- ABOUT THIS EXERCISE
The answer must consist solely of the lines from the one with "Super by Retrosuperfuture" through the last line of the data, copied exactly, with no pictures.

- WORKING DATA
|---|
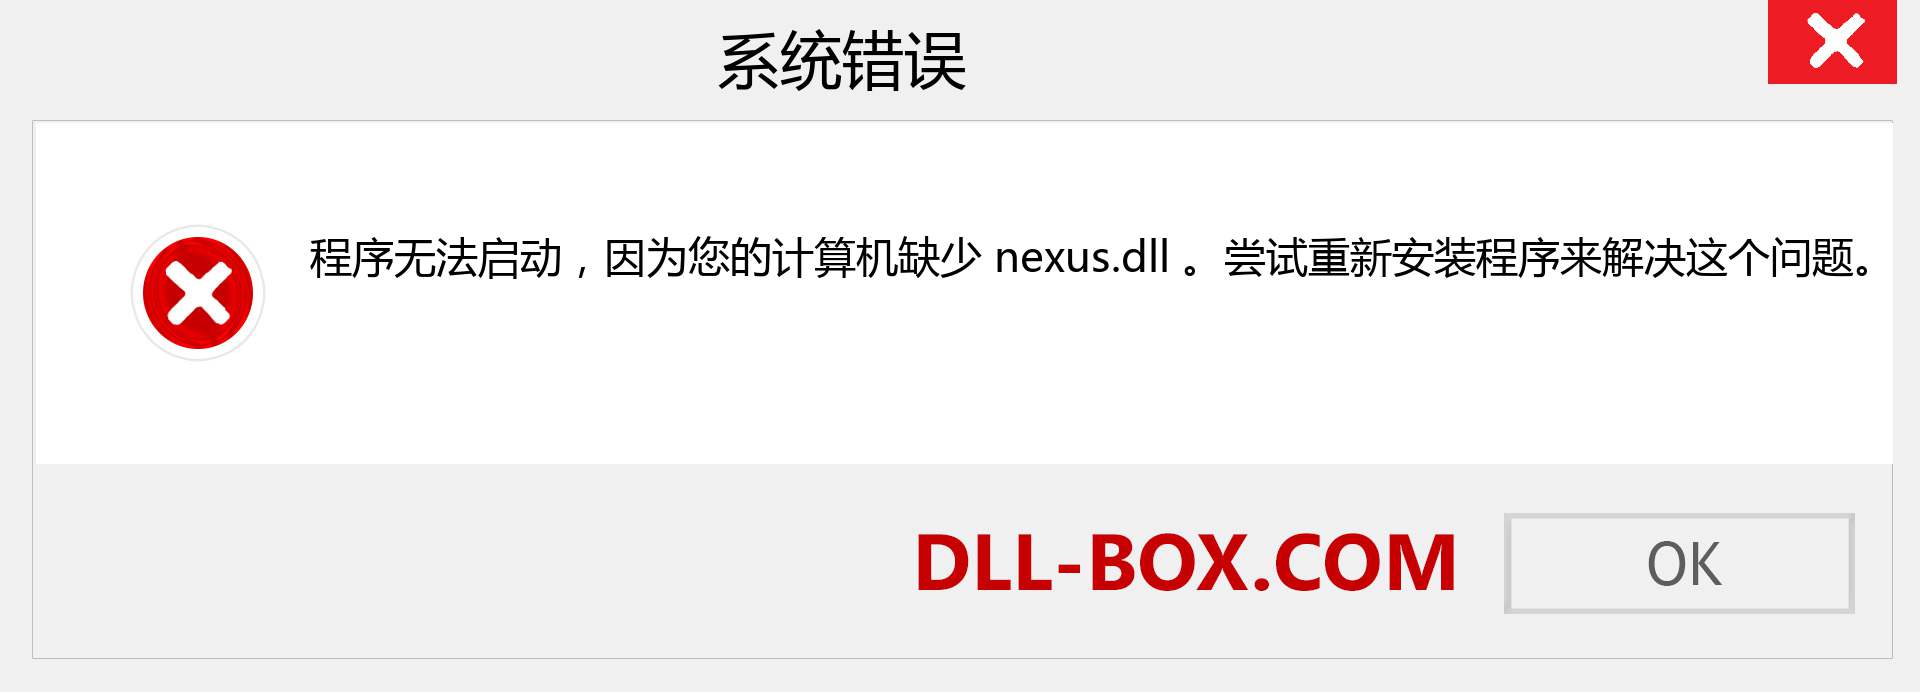 nexus.dll 文件丢失？。 适用于 Windows 7、8、10 的下载 - 修复 Windows、照片、图像上的 nexus dll 丢失错误
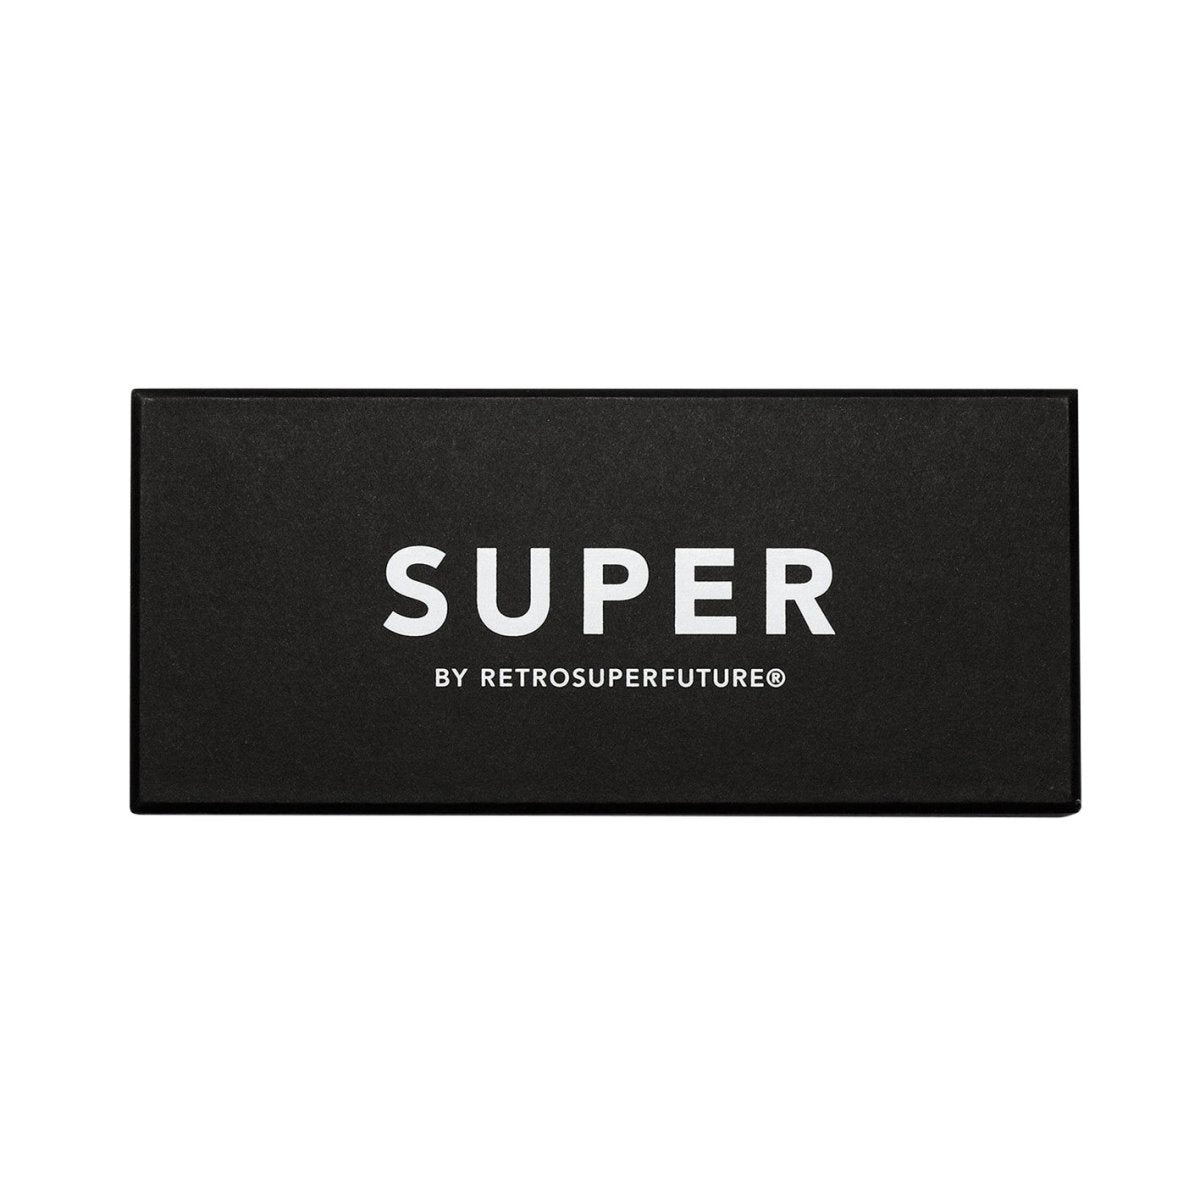 Super by Retrosuperfuture Unico Monochrome (Fade)  - Allike Store
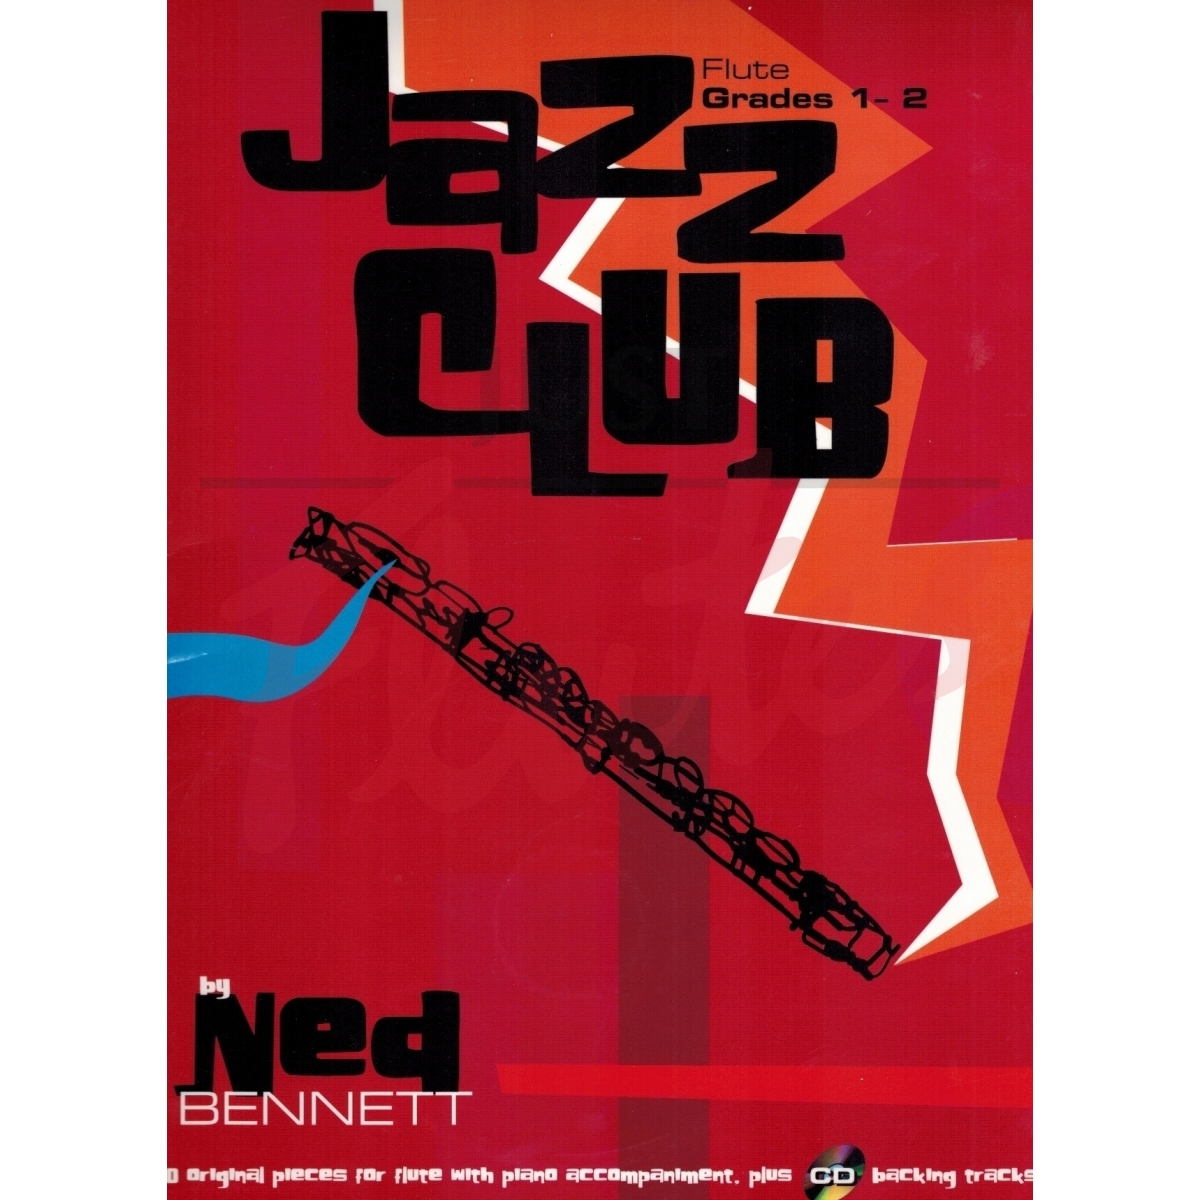 Jazz Club [Flute] Grades 1-2
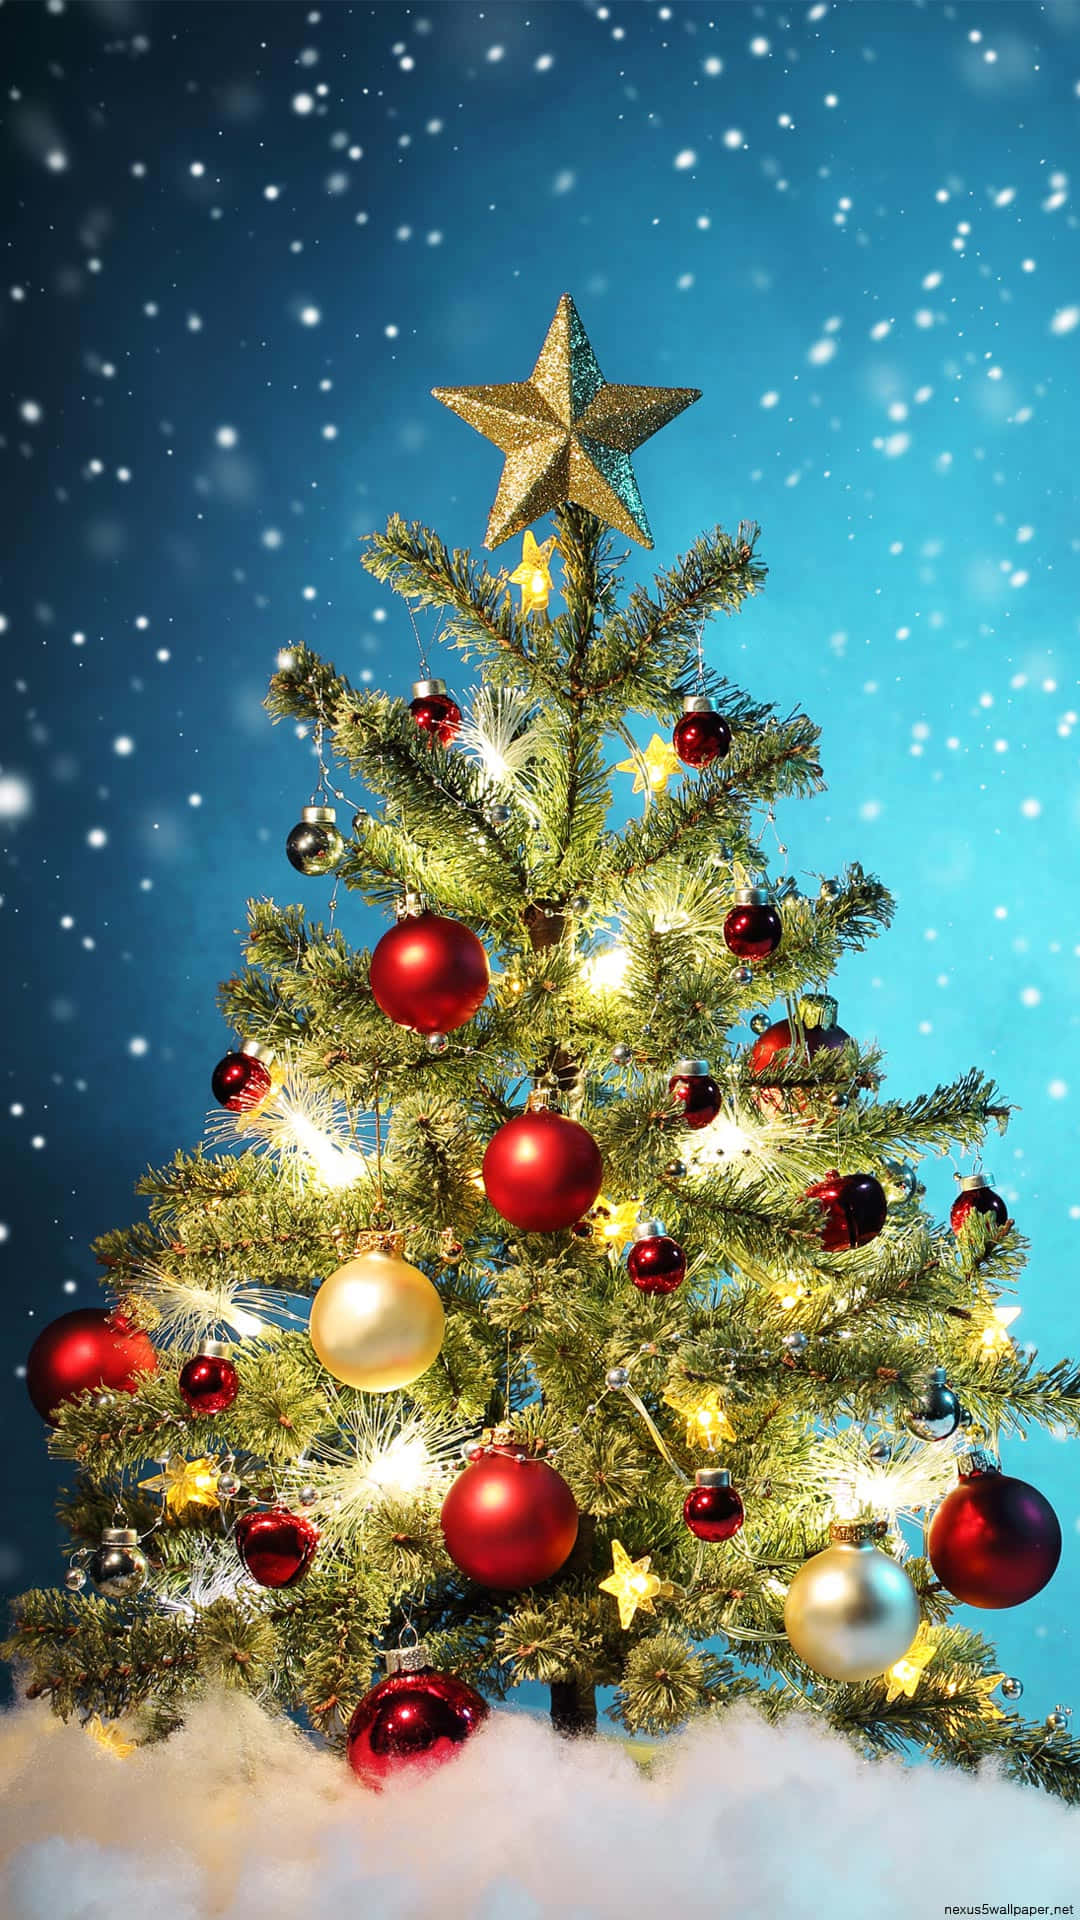 Denne festlige jule træ er det perfekte addede til dine ferie dekorationer! Wallpaper
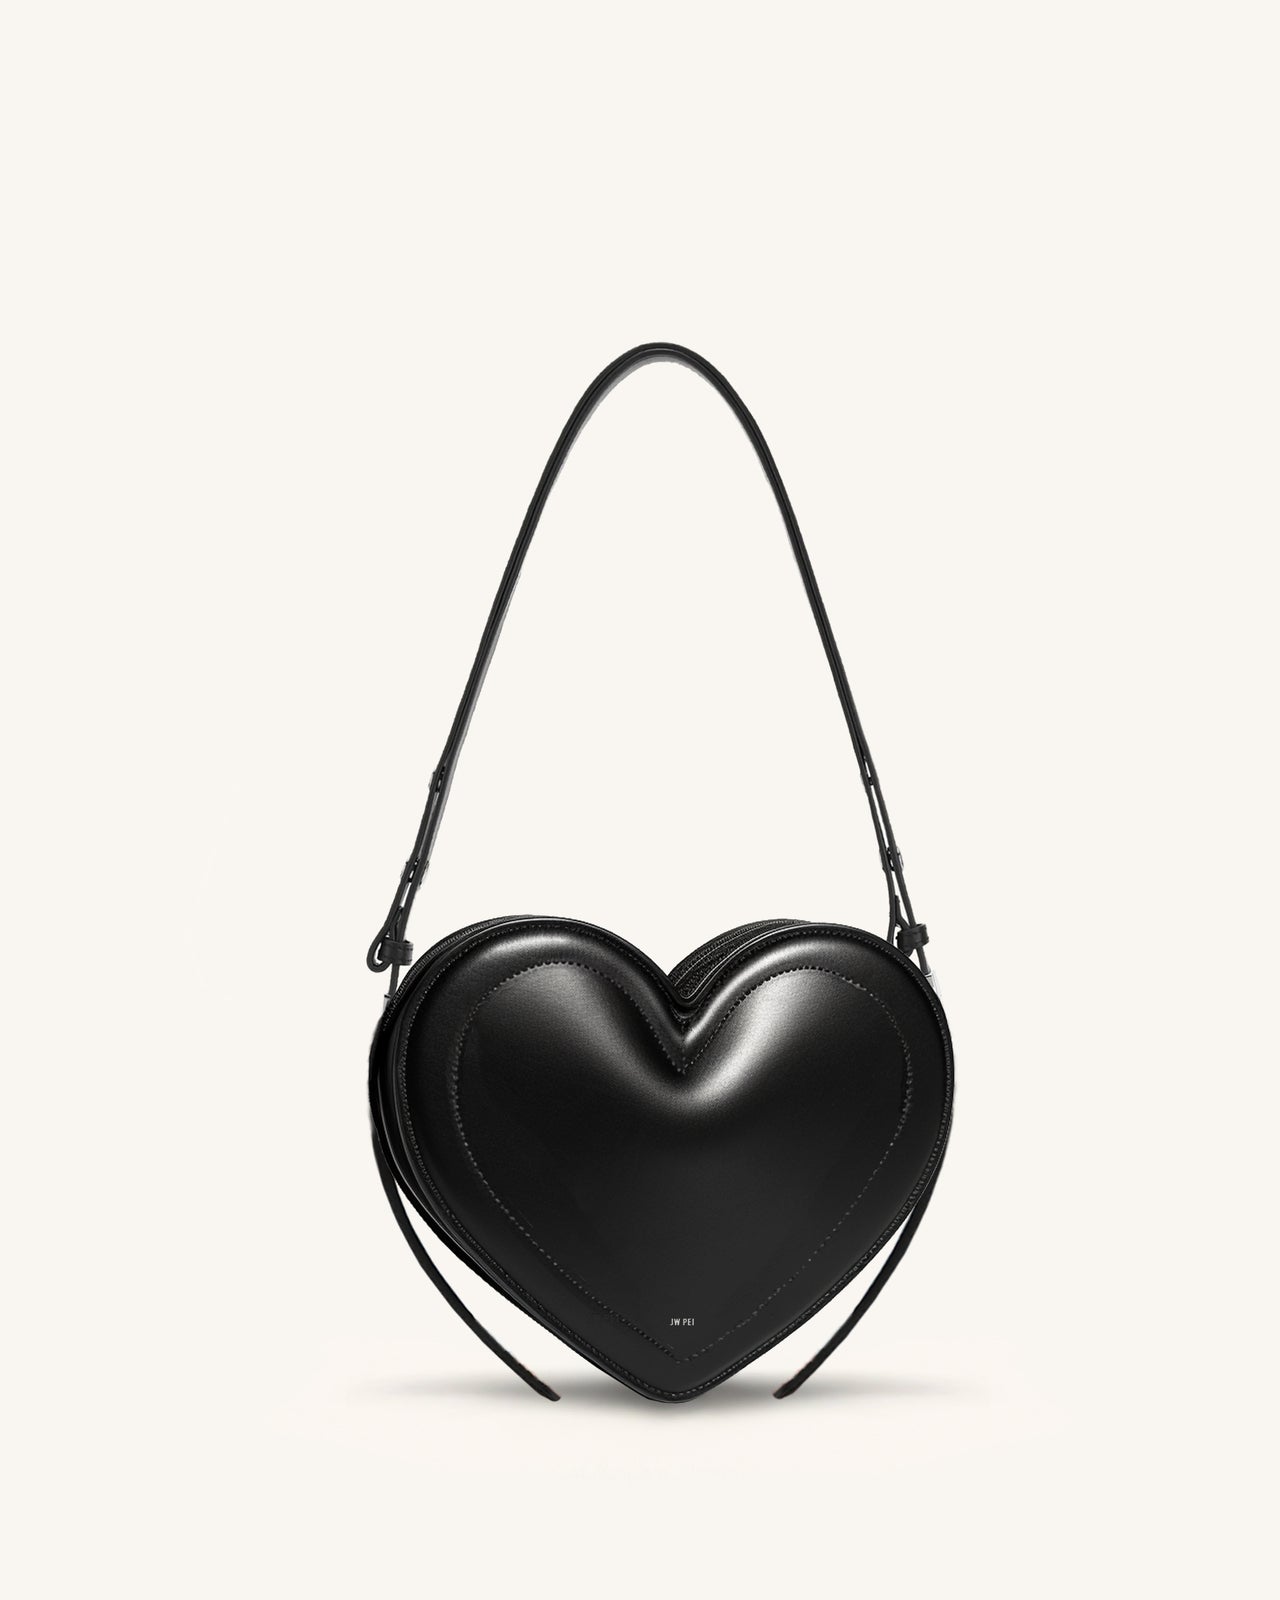 Arlene Heart shaped bag - Black
|---|
- EXPECTED ANSWER
 Super by Retrosuperfuture Unico Monochrome (Fade)  - Allike Store
 Jazz Club [Flute] Grades 1-2
 Denne festlige jule træ er det perfekte addede til dine ferie dekorationer! Wallpaper
 Arlene Heart shaped bag - Black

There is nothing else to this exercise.